DATASET CONTENT:
------------------------------------

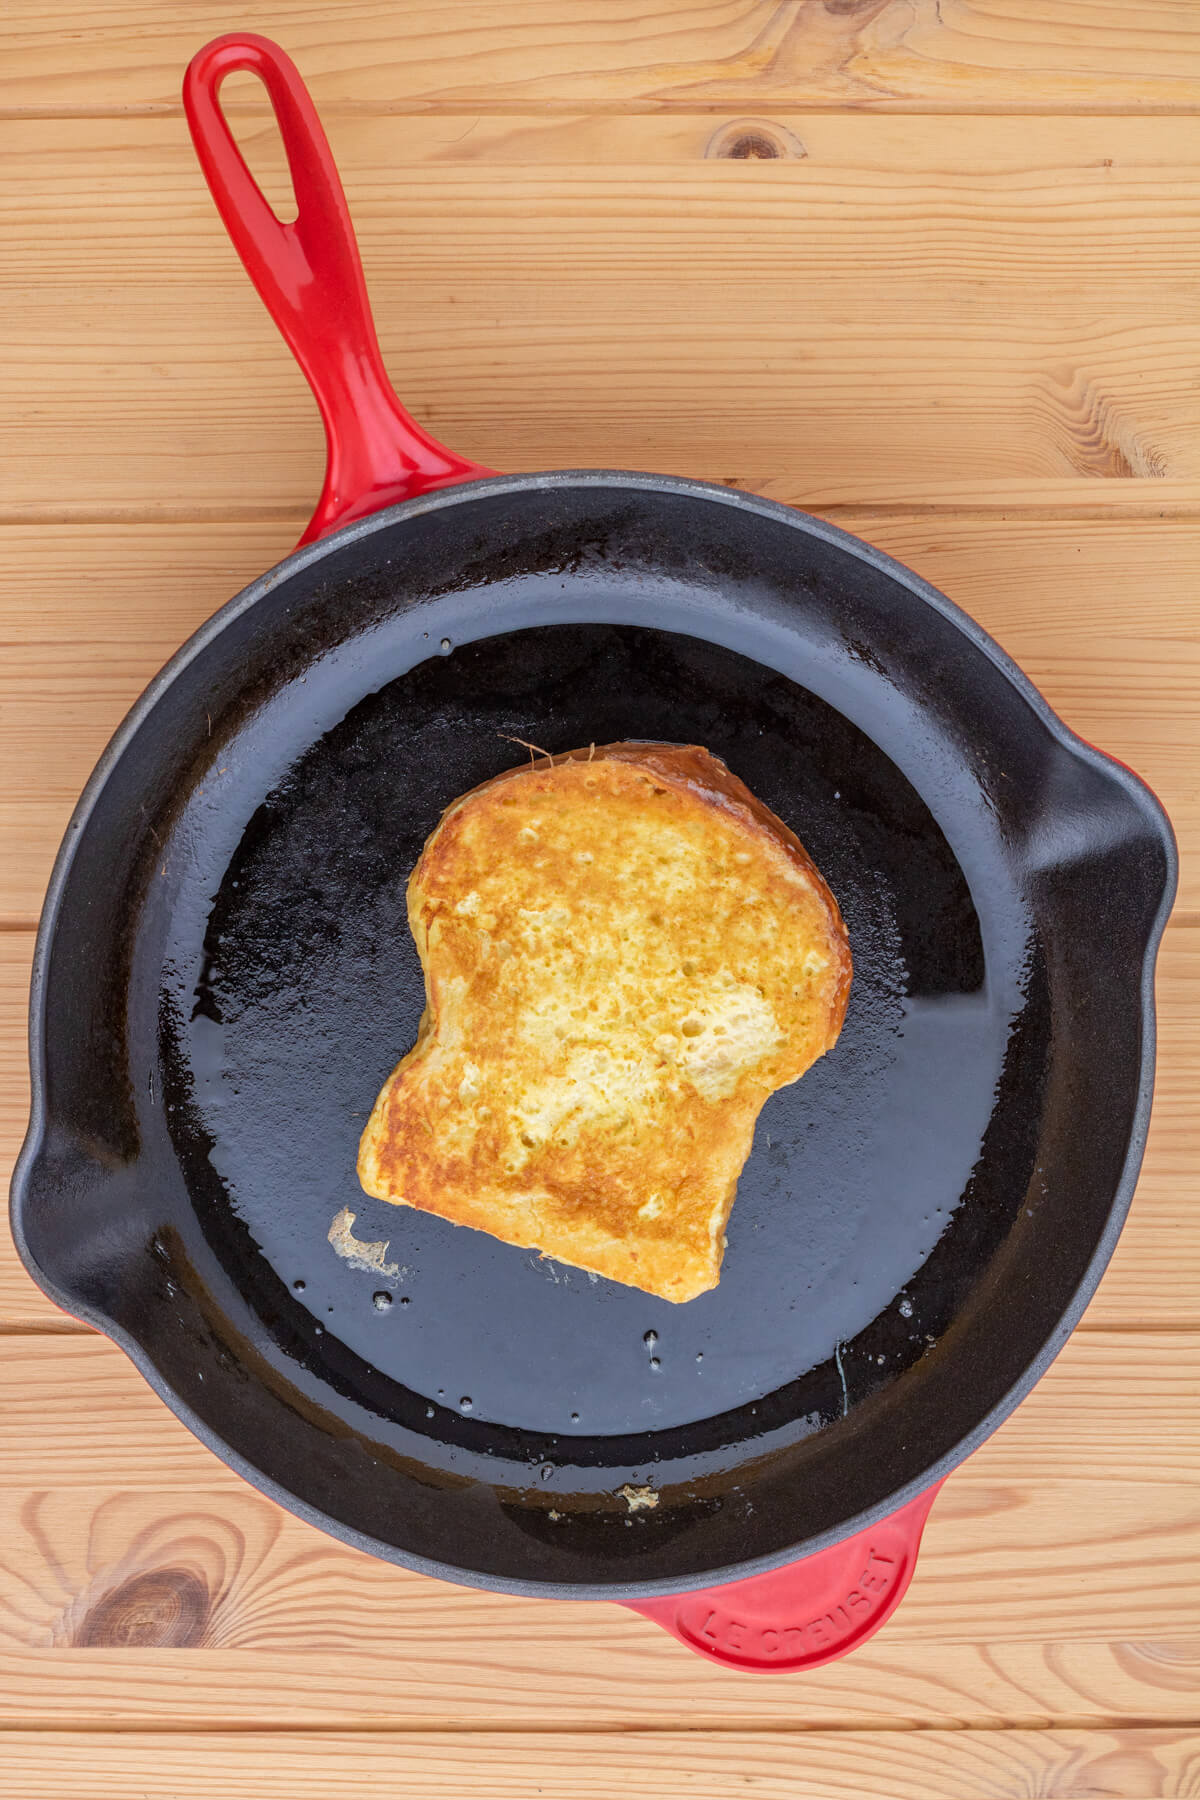 A slice of golden Brioche French toast in a red le creuset frying pan.
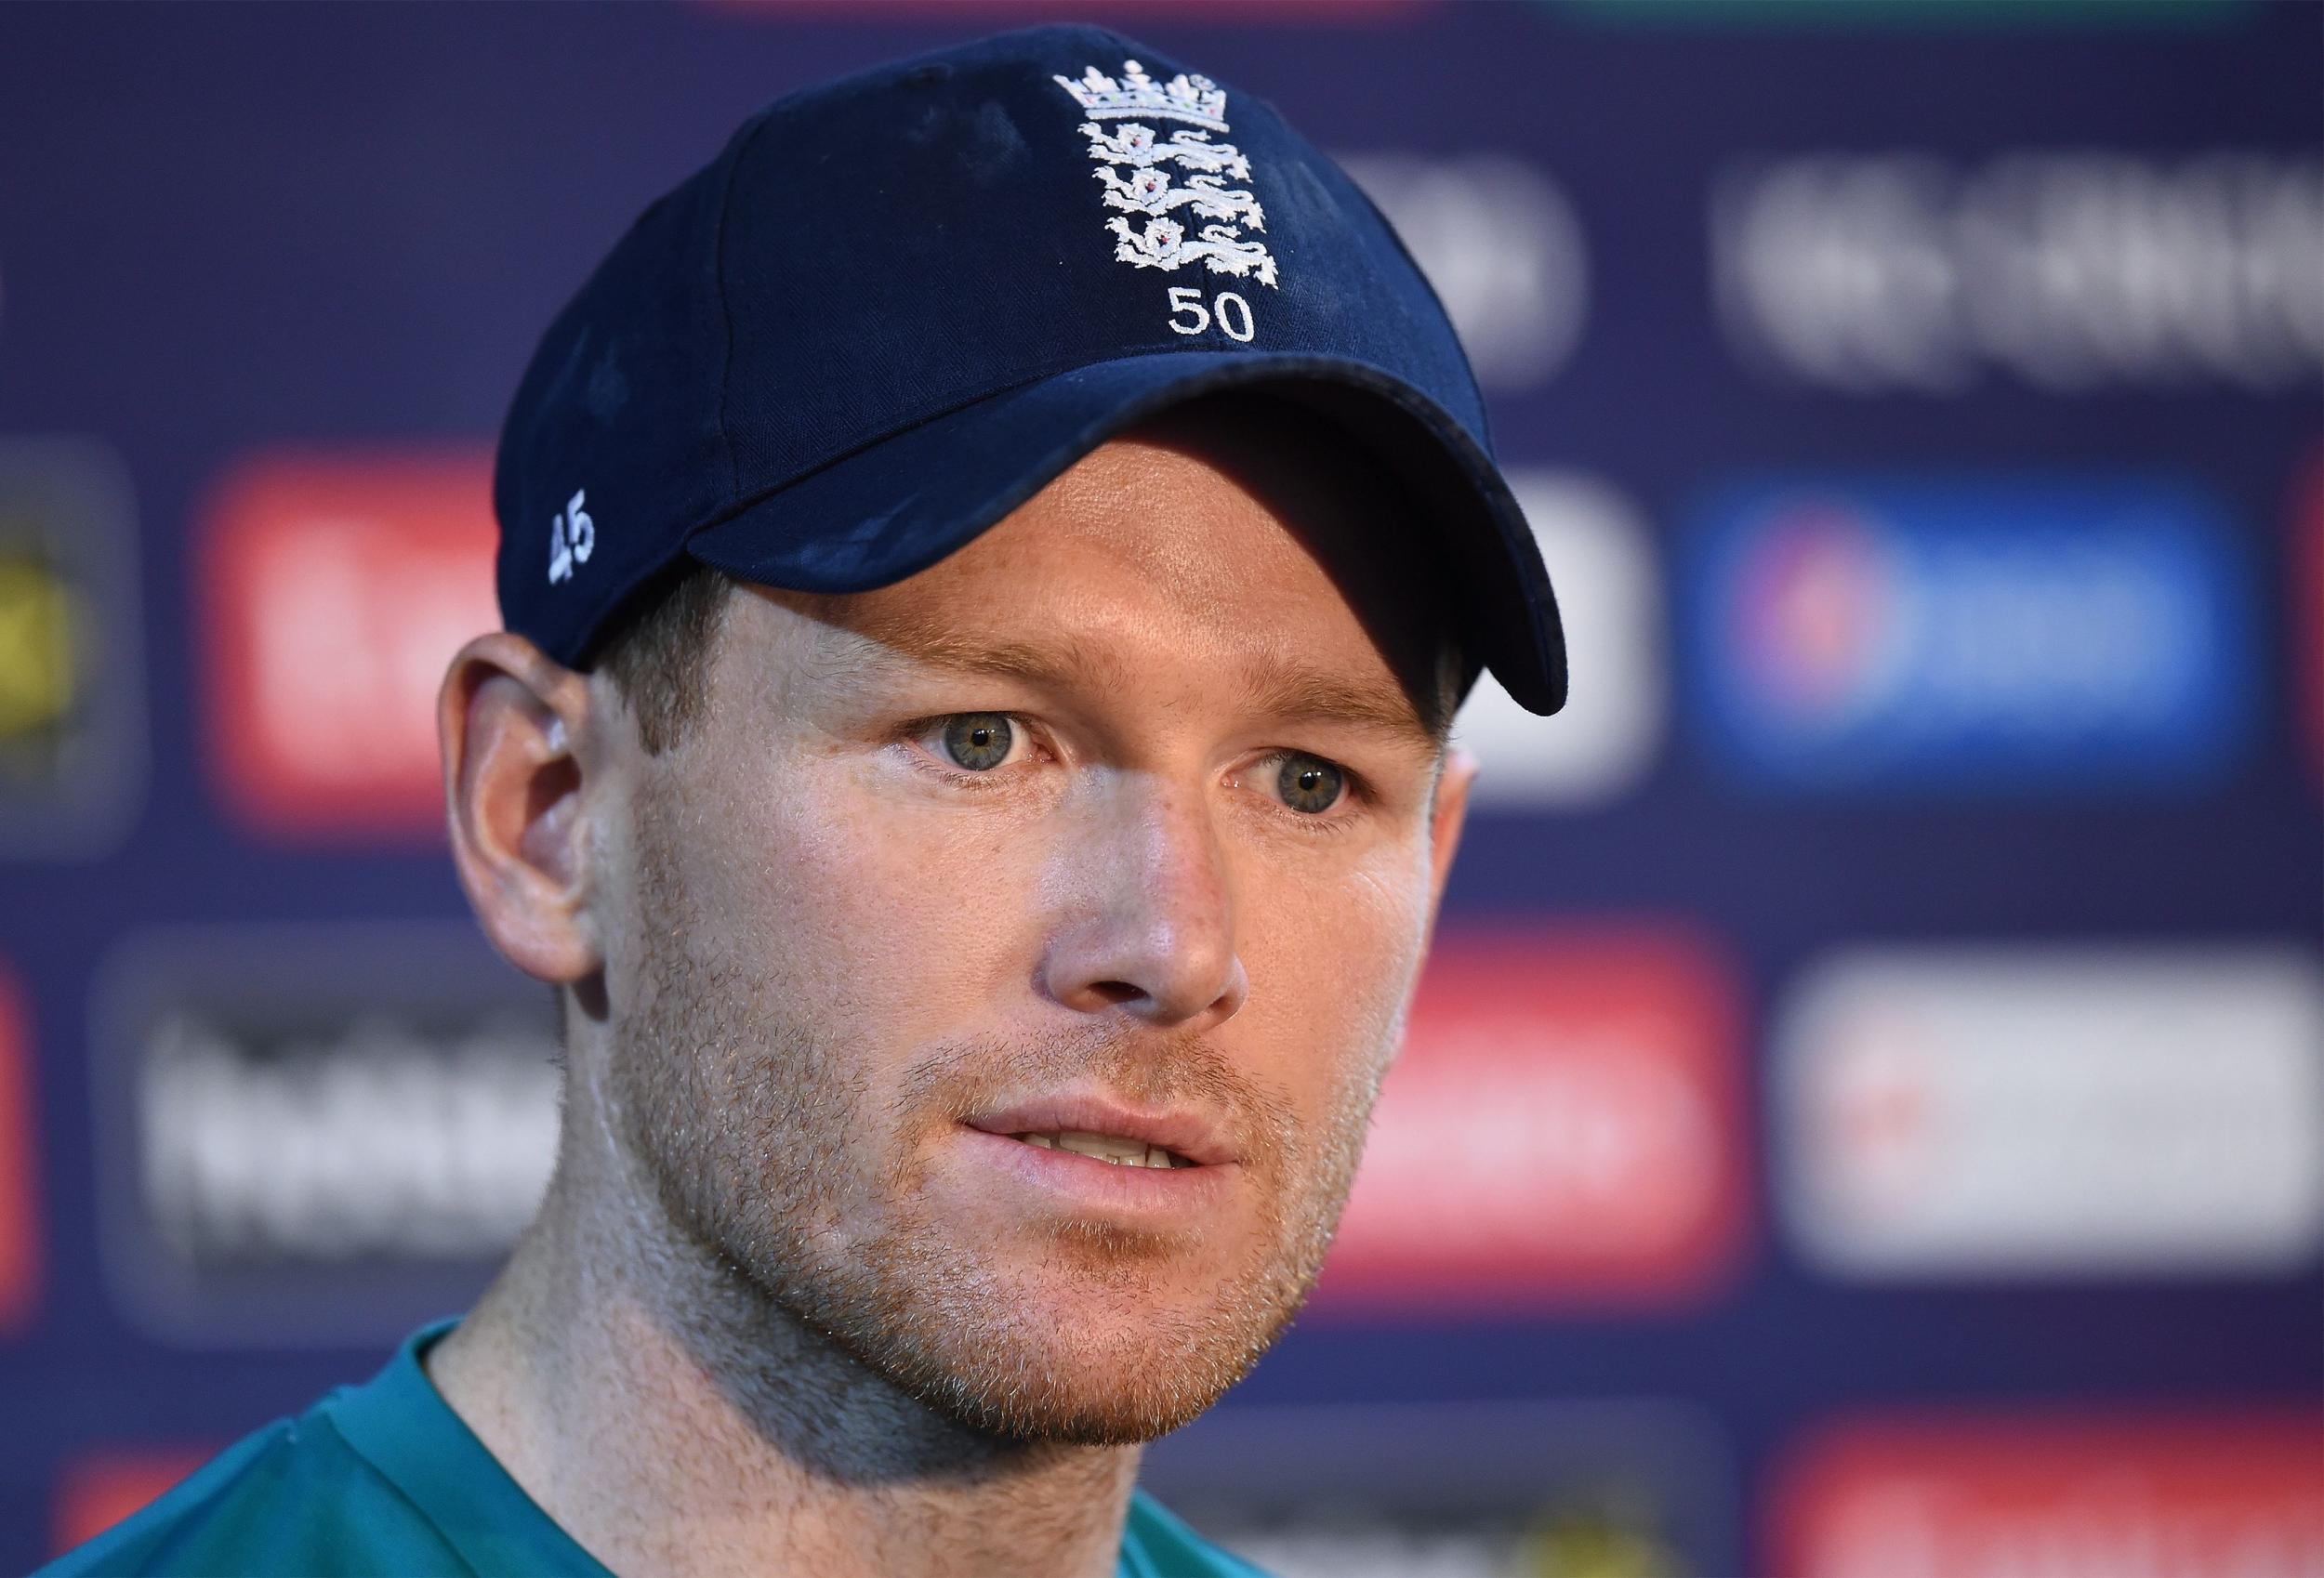 &#13;
Eoin Morgan has shown his ability to captain spin well (Getty)&#13;

------------------------------------

TASK PROMPT: A word-for-word reprint of the listing above is needed, minus the pictures.

RESPONSE AREA:
 A slice of golden Brioche French toast in a red le creuset frying pan.
 &#13;
Eoin Morgan has shown his ability to captain spin well (Getty)&#13;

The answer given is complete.